Risk Management In Residential Real Estate Investing

Taking a real estate investing seminar is always an excellent idea because it will educate you on the basics of investing and help you make good decisions. Most everyone who has made a lot of money in real estate investing has taken a real estate investing program and you should follow their lead if you want to do the same.

Have you seen some of the profits people are making from residential real estate investing and you are interested as well? If that is the case then you need to do your homework up front and learn all there is to learn about risk management in order to make sure you are making a good investment. Taking a real estate investing seminar is always an excellent idea because it will educate you on the basics of investing and help you make good decisions. Most everyone who has made a lot of money in real estate investing has taken a real estate investing program and you should follow their lead if you want to do the same.

What is most important when it comes to residential real estate investing is that you know how to manage your risk. There are potential problems that could arise and if you don’t have a strong plan in place and know what you are going to do then you could face major financial loss. However when you make a plan and account for all potential problems then you will likely be able to overcome them and make money despite them.

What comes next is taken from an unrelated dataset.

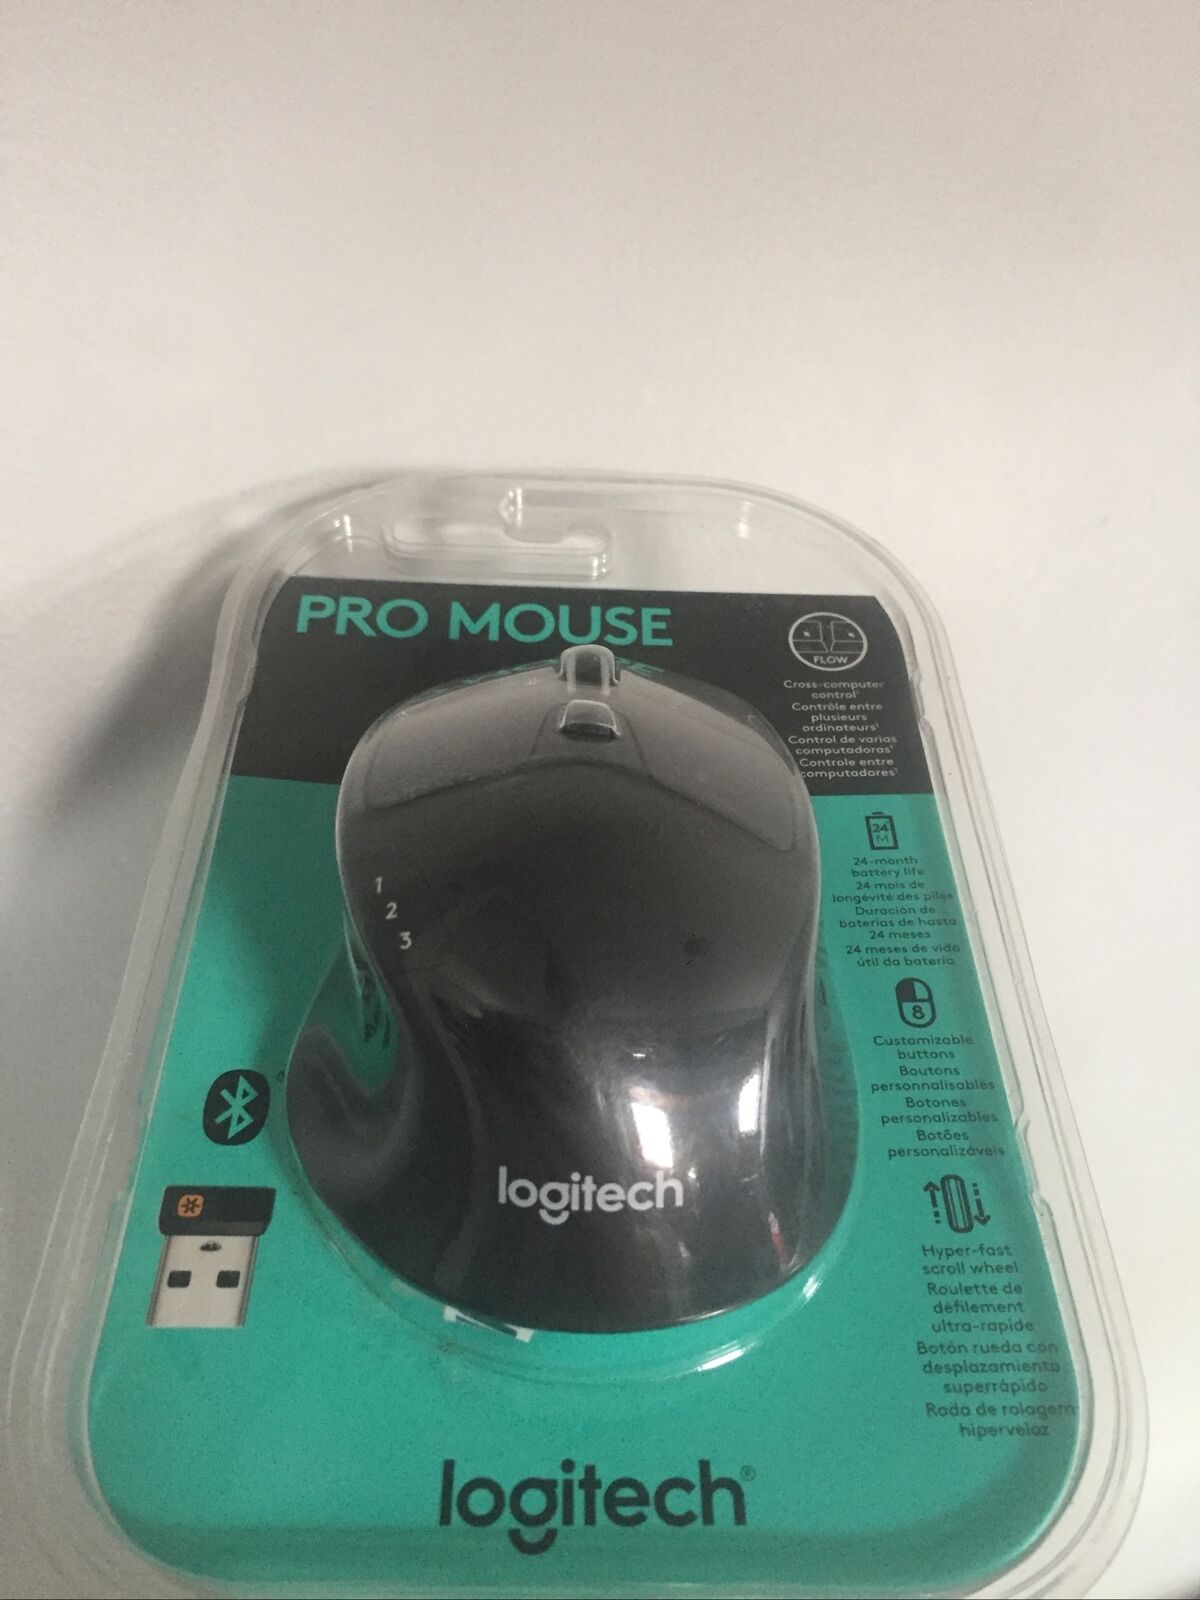 Logitech Pro Mouse M720 Wireless - New Unopened Package
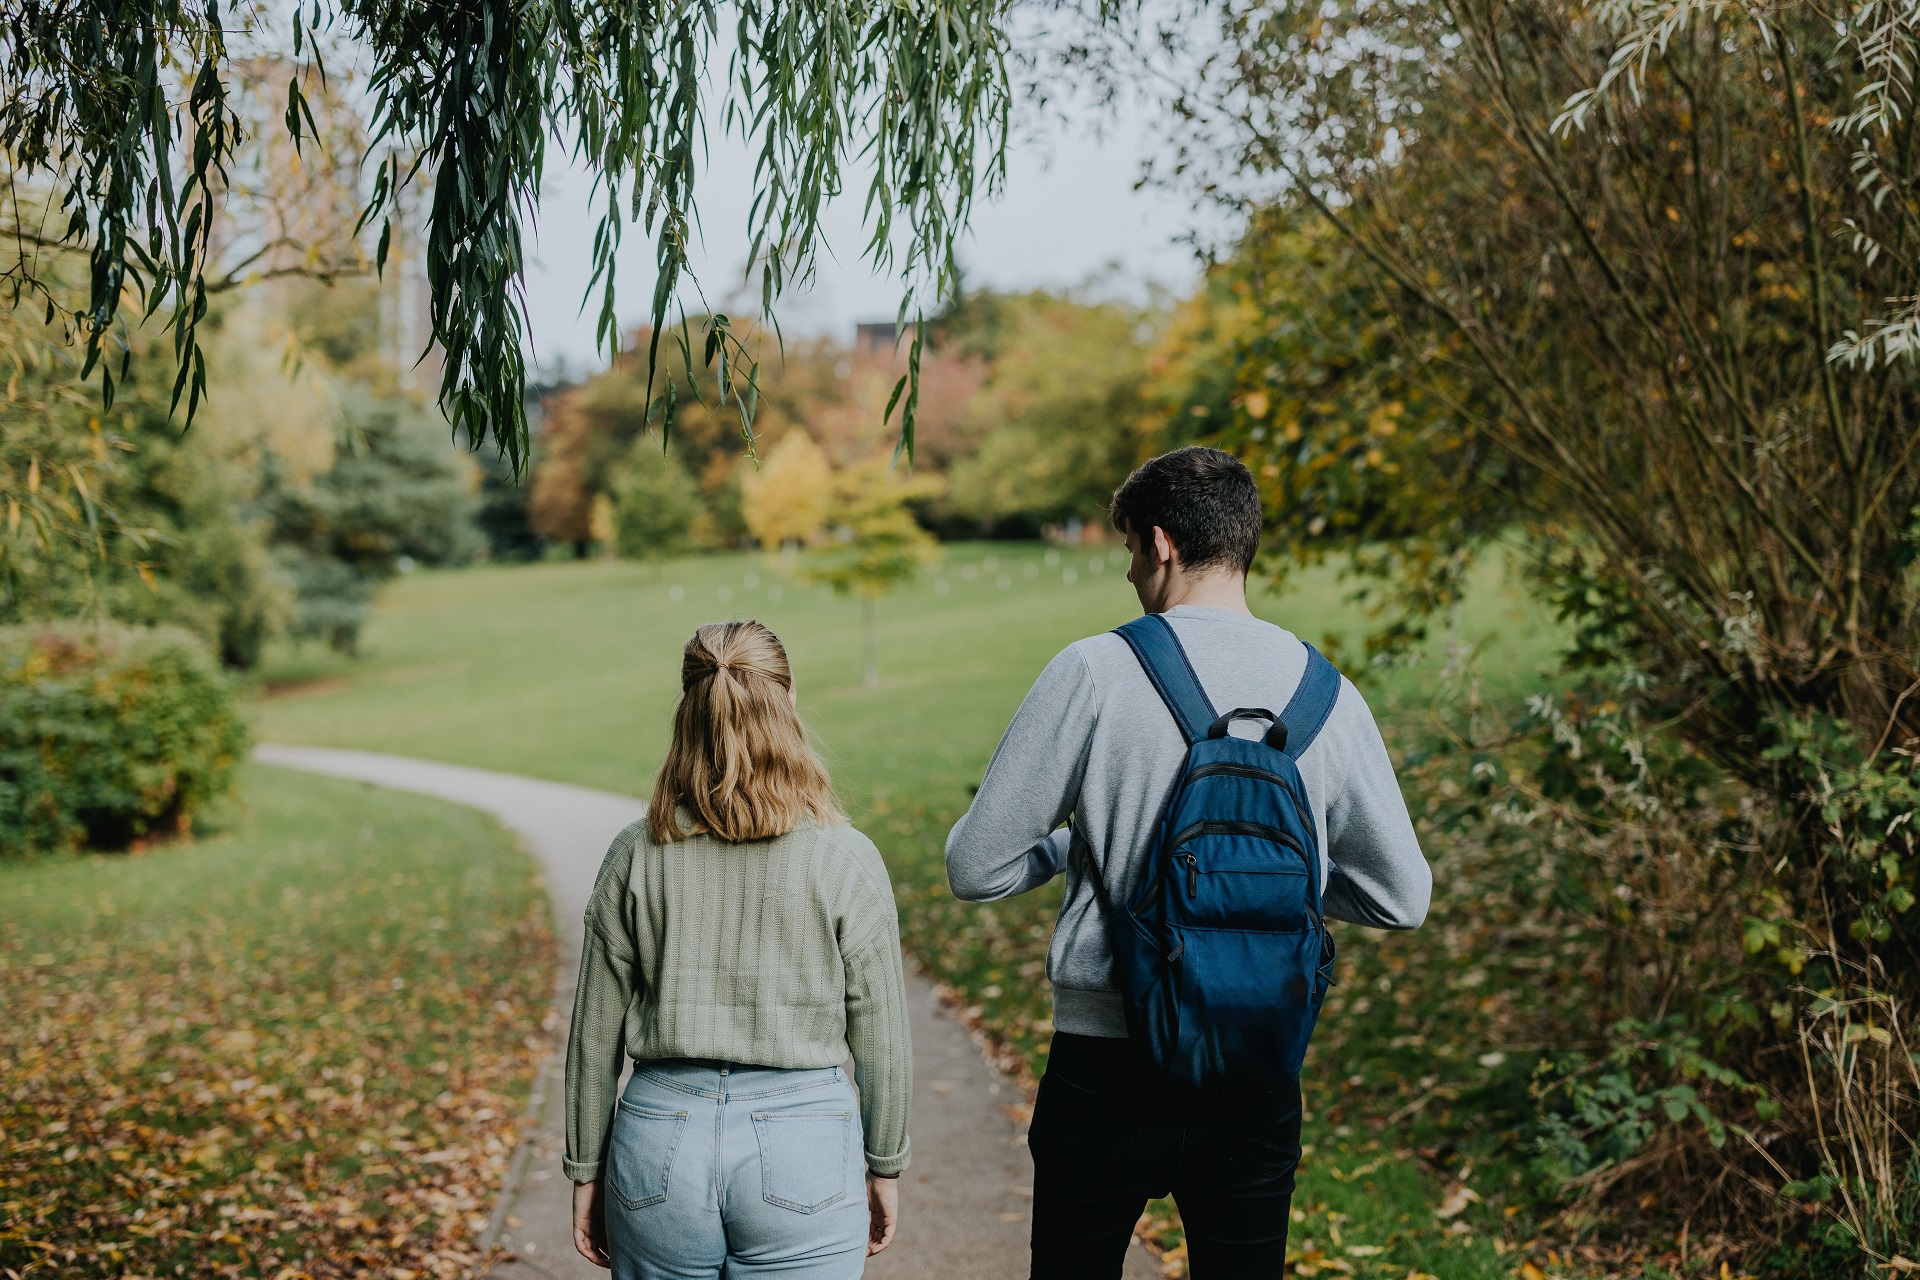 Female and male student walking down a path through a park

One of the first things you should consider when it comes to risk management is financing. You need to know up front what type of risk you are willing to take and how much you can afford. You need to know if you have enough money coming in to support the money going out. That includes rental income as well as property expenses. There are lots of property expenses including maintenance, taxes, repair, insurance, and of course mortgage payments. When you add all these numbers up you need to have at least that amount coming in or else you might have some financial problems. Don’t make the mistake of just subtracting your mortgage payment from your rental income because you will really lose in the long run.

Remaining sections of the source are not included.